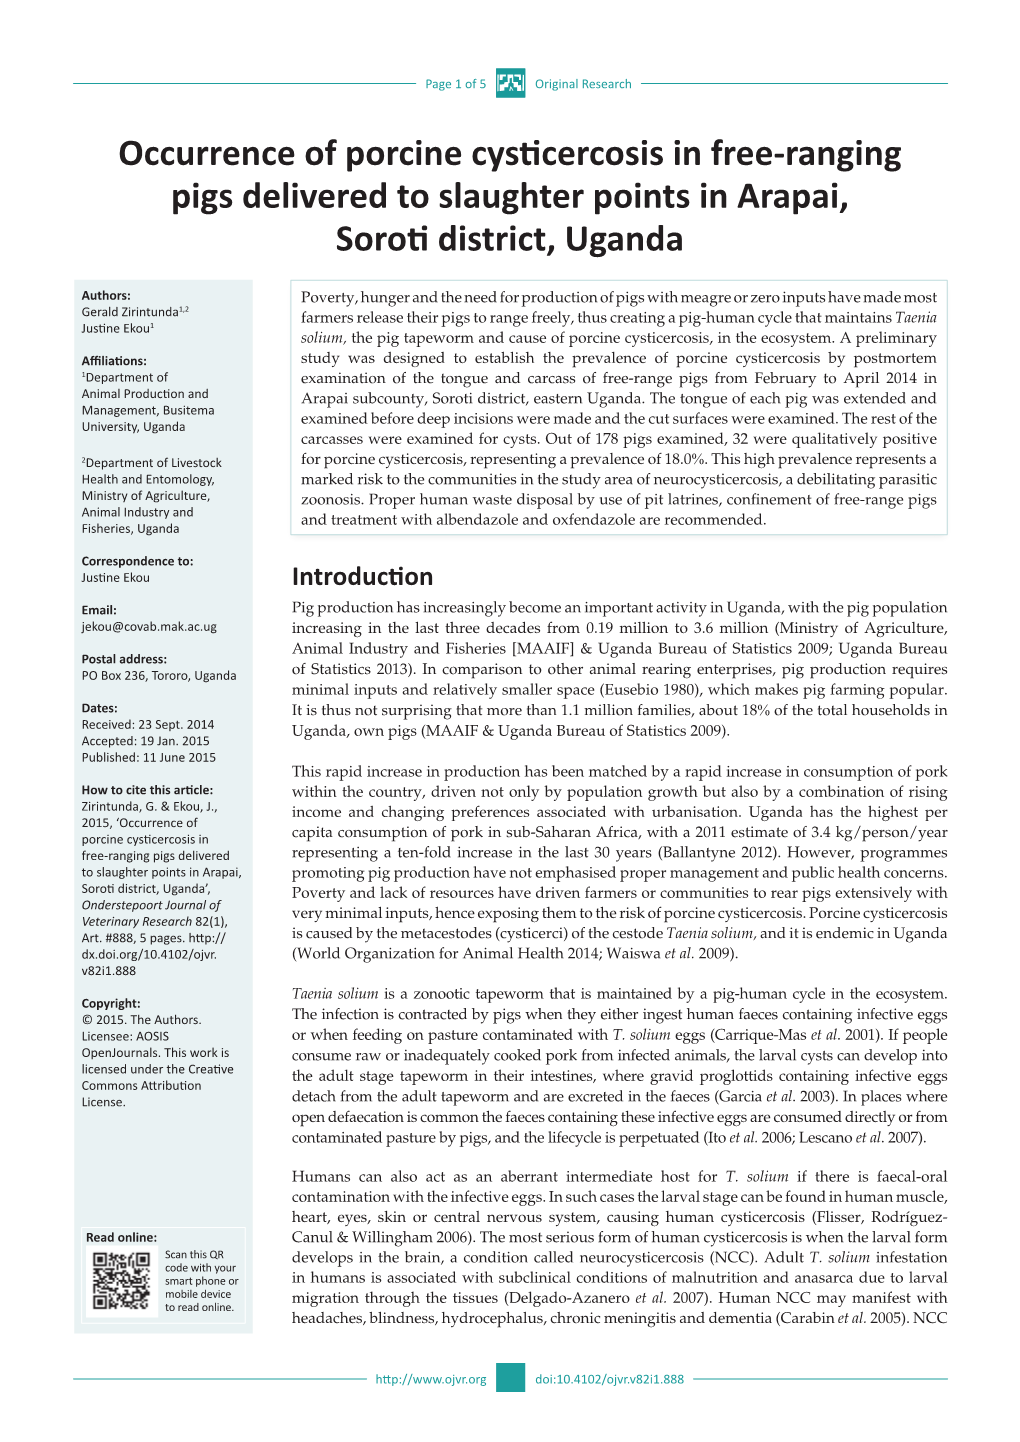 Occurrence of Porcine Cysticercosis in Free-Ranging Pigs Delivered to Slaughter Points in Arapai, Soroti District, Uganda
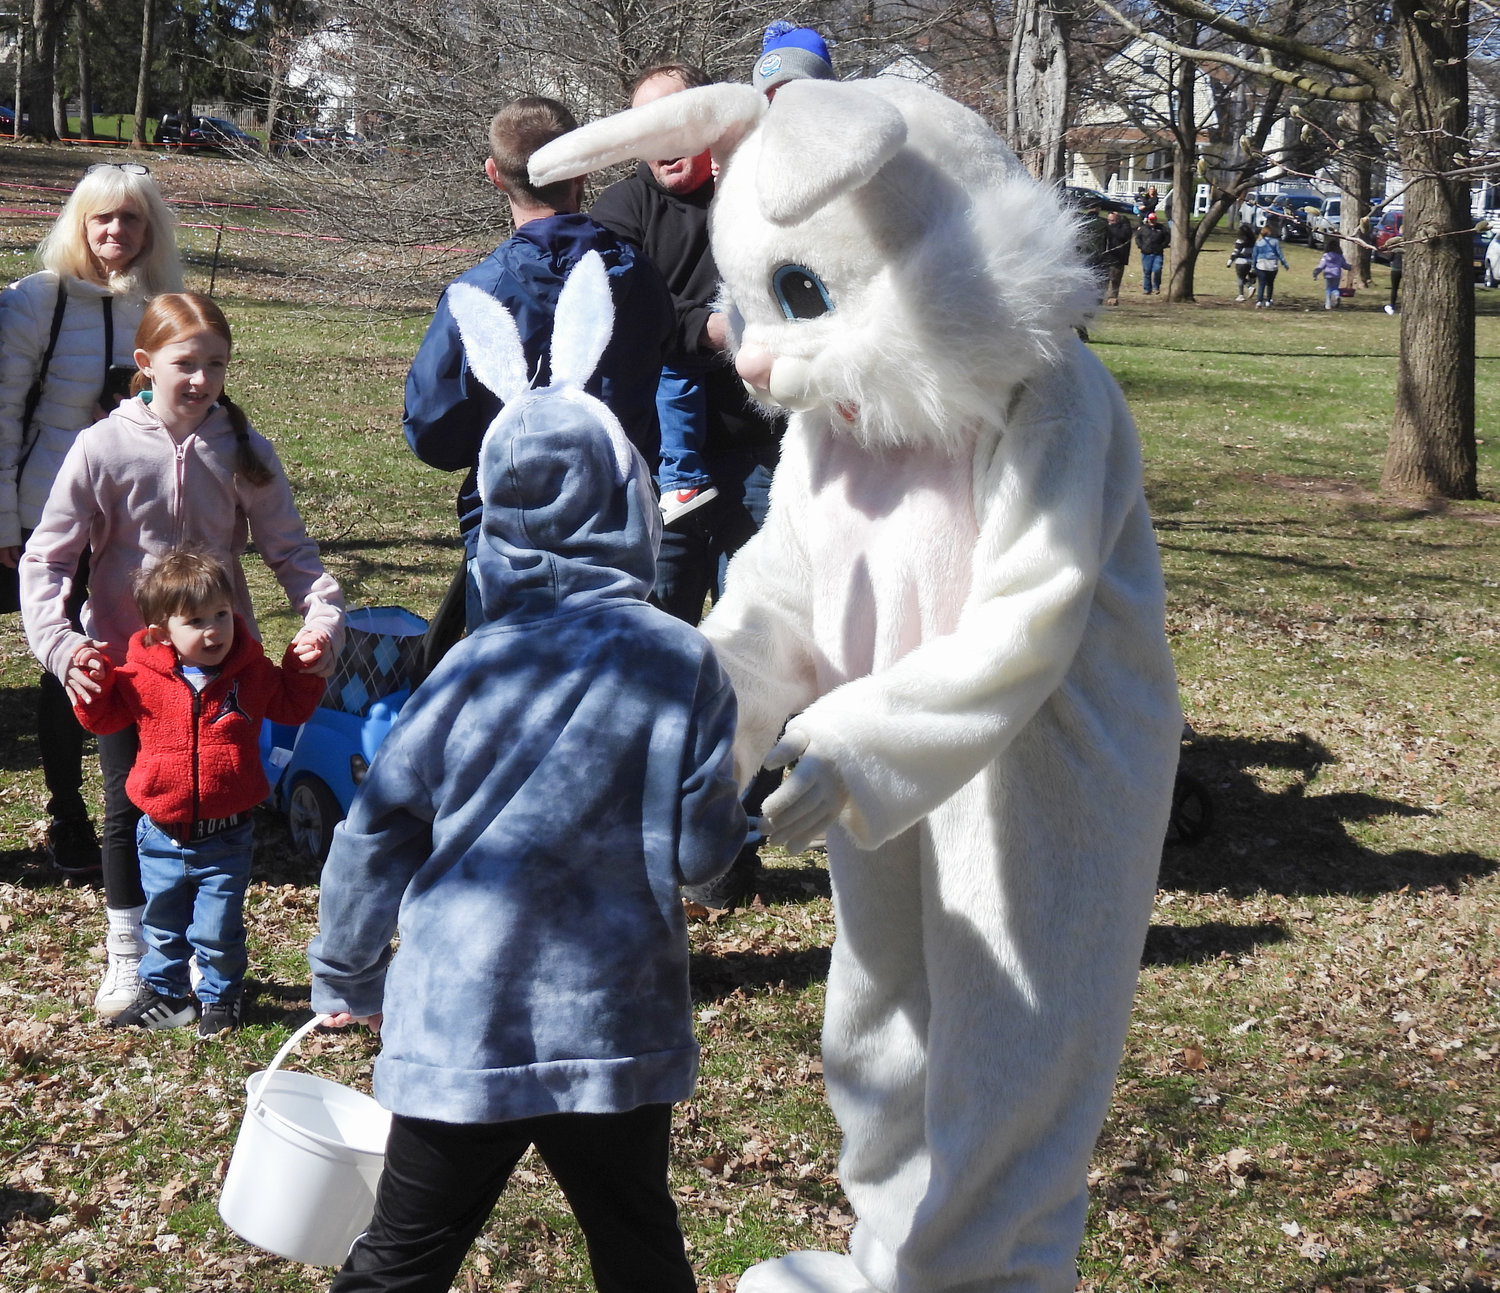 The annual Oneida Easter Egg Hunt saw kids of all ages in Allen Park filling their bags and baskets with eggs on Saturday, April 8 in Oneida. Pictured are children coming up to the Easter Bunny for a hug.
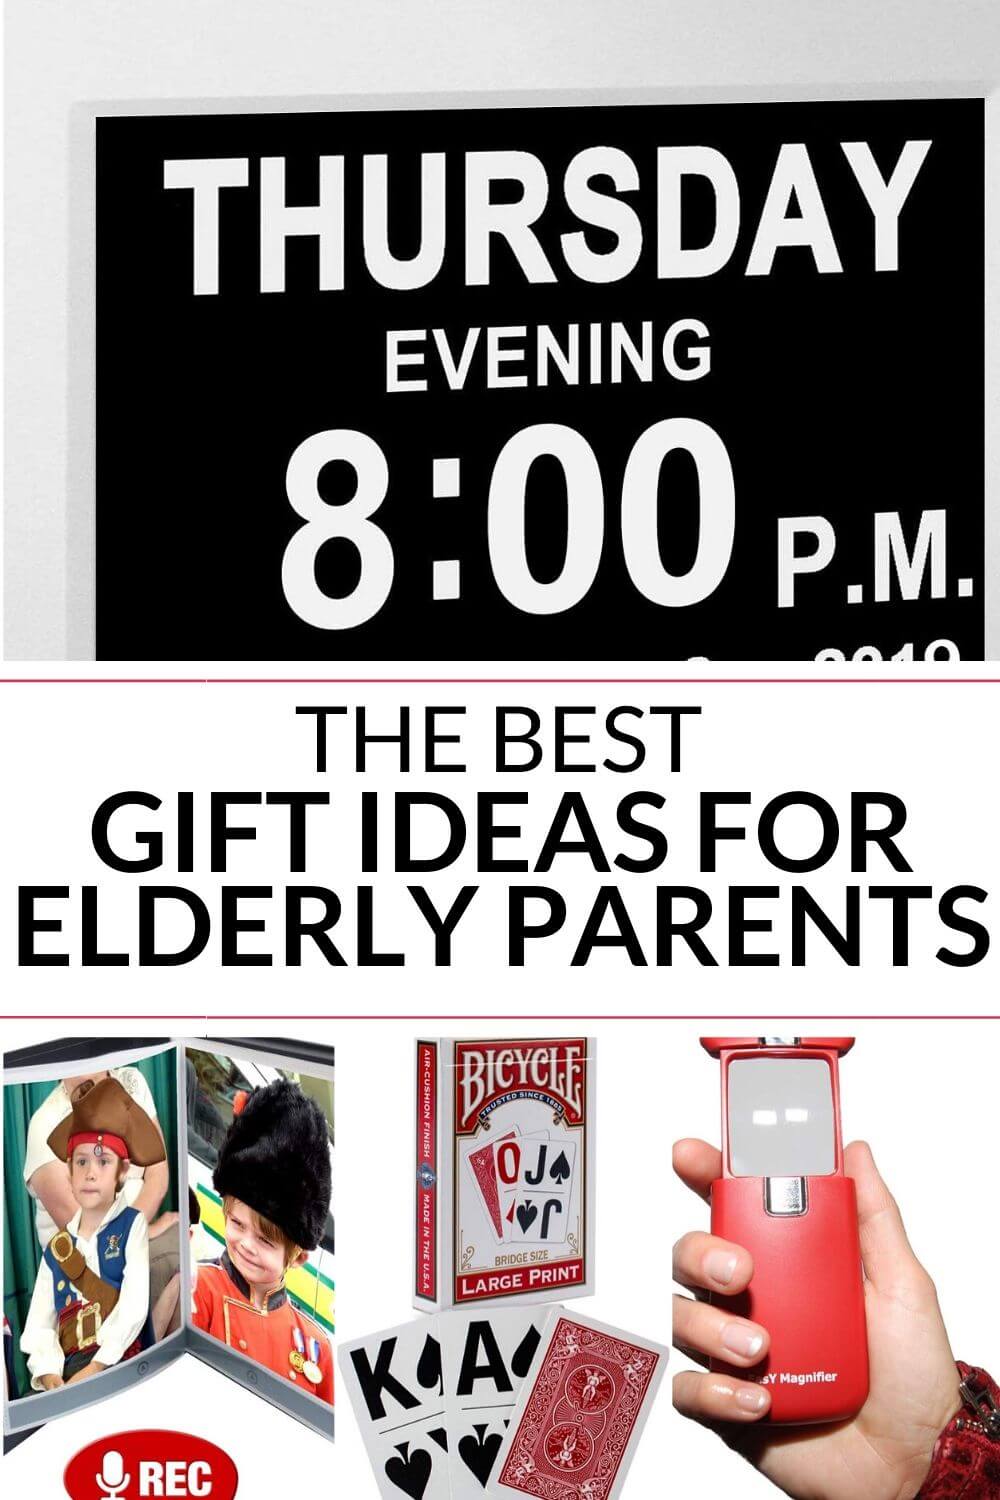 collection of gifts for elderly parents

▶ What needs to be done
Pictures are to be left out; the rest of the listing should be printed exactly.

▶ Reply to the task
 Occurrence of Porcine Cysticercosis in Free-Ranging Pigs Delivered to Slaughter Points in Arapai, Soroti District, Uganda
 The annual Oneida Easter Egg Hunt saw kids of all ages in Allen Park filling their bags and baskets with eggs on Saturday, April 8 in Oneida. Pictured are children coming up to the Easter Bunny for a hug.
 collection of gifts for elderly parents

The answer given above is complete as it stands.